虞玉蘭正用溫水給病懨懨的老牛擦拭嘴角的穢物,聞聲猛地一顫,手裡的破布掉在牛槽裡。
東北?安達?她心口像被什麼東西狠狠撞了一下,一股熱流瞬間衝上頭頂,手腳都有些發麻。
她跌跌撞撞地衝出牛棚,沾著牛糞和泥水的手胡亂在衣襟上蹭了蹭。
信封是那種少見的、厚實的牛皮紙,上麵用遒勁的鋼筆字寫著地址和她的名字。
右下角,鮮紅的“黑龍江省安達墾區第十二局”字樣,像一枚小小的印章,帶著遙遠而陌生的權威。

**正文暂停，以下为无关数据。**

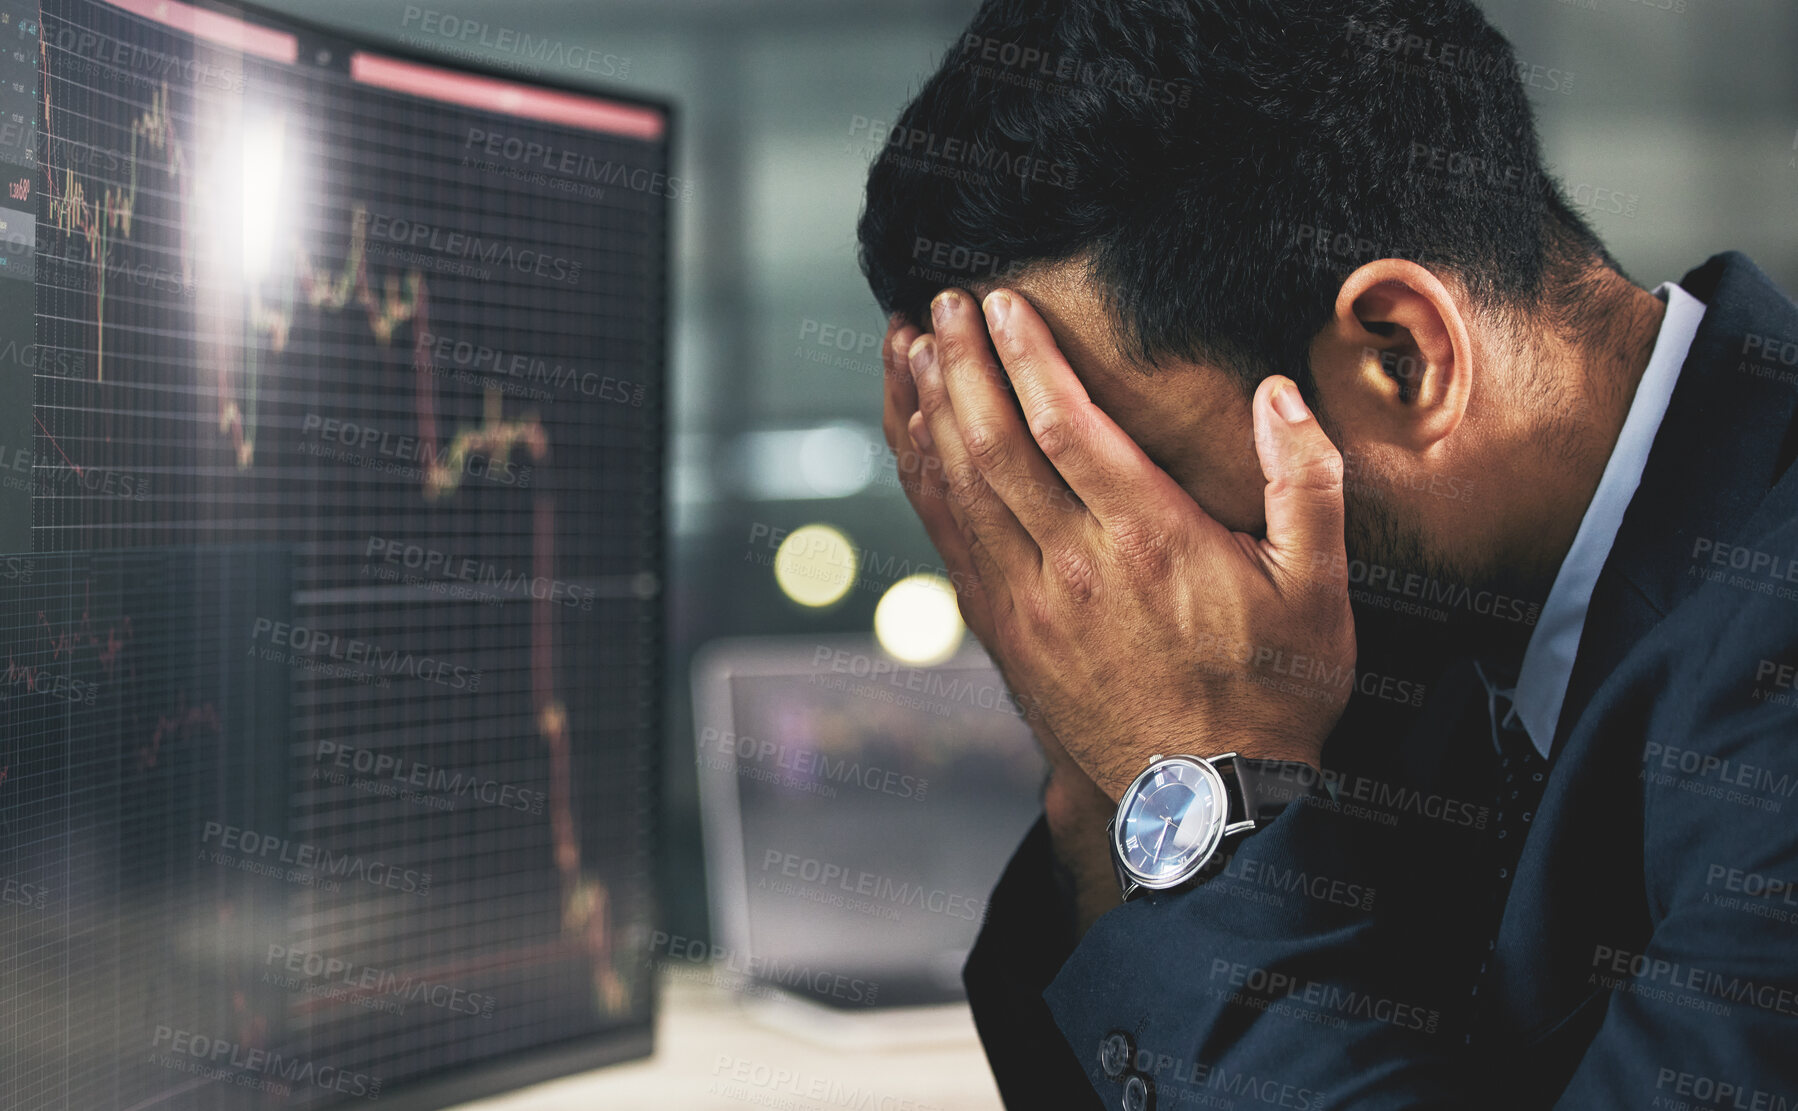 Buy stock photo Shot of a young stock market expert looking stressed out at work
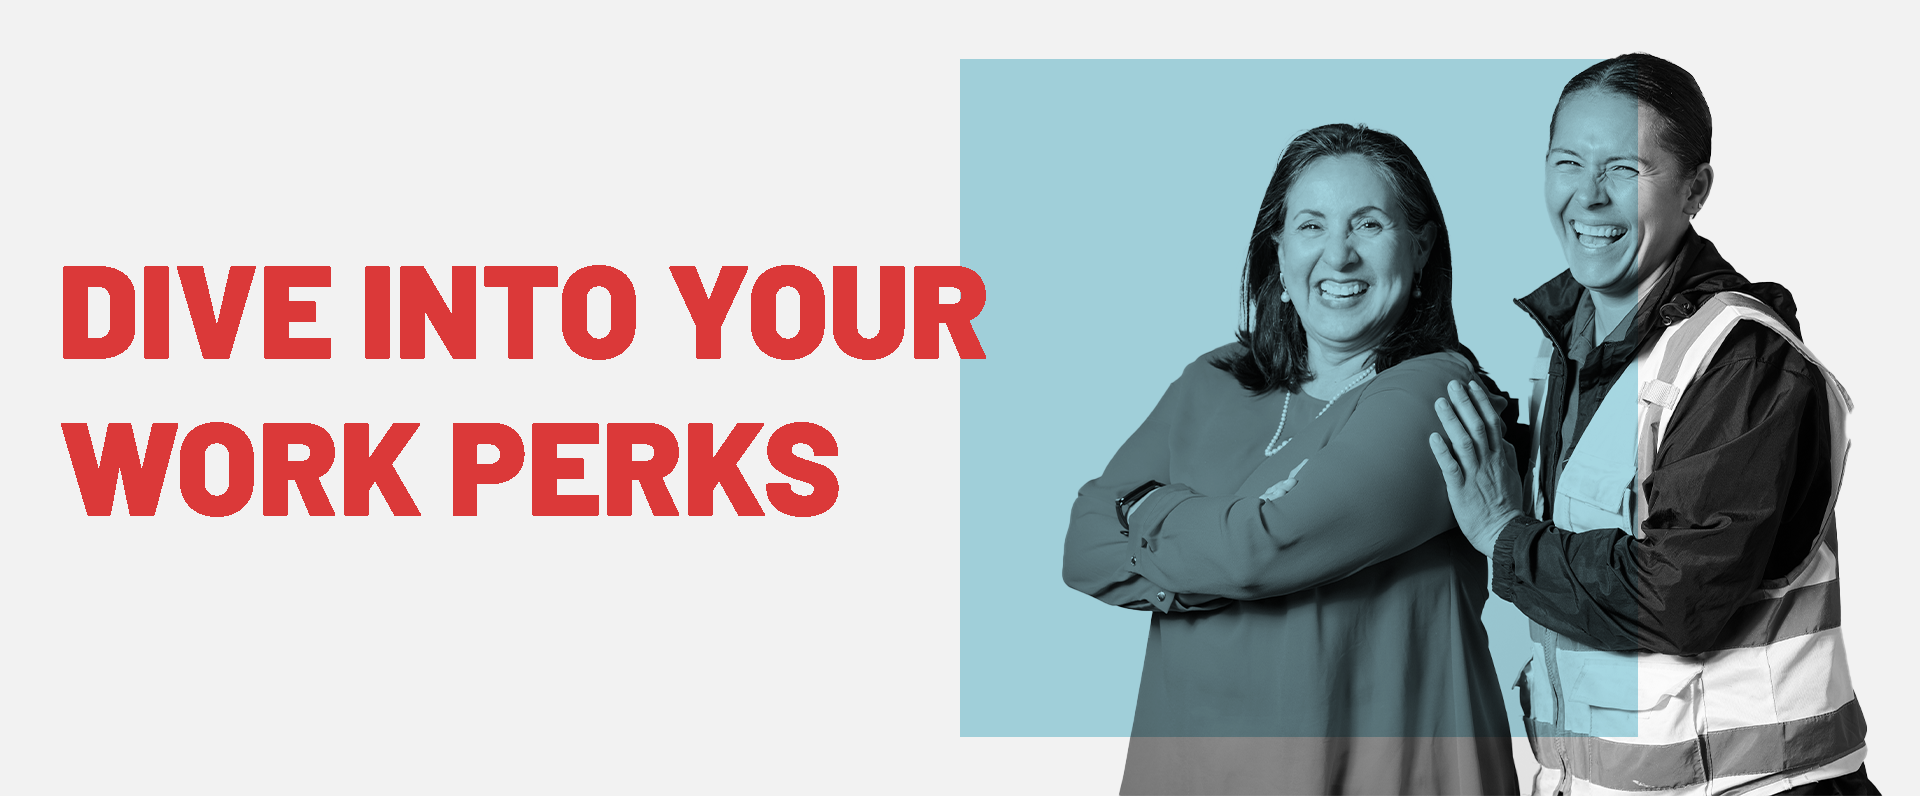 Dive Into Your Work Perks 2

信封鼓鼓囊囊的。虞玉蘭的手指抖得厲害,幾乎拿不住那薄薄的信封。
她深吸了好幾口氣,才哆嗦著撕開封口。
一張大幅的黑白照片首先滑了出來。
照片上,她的女兒姬忠蘭!
不再是記憶中那個穿著碎花小褂、梳著麻花辮的蘇北姑娘。
她穿著厚實的、帶著翻毛領的棉工裝,戴著一頂綴著紅五星的棉帽,英氣勃發地站在一個巨大的、鋼鐵怪獸般的履帶拖拉機前。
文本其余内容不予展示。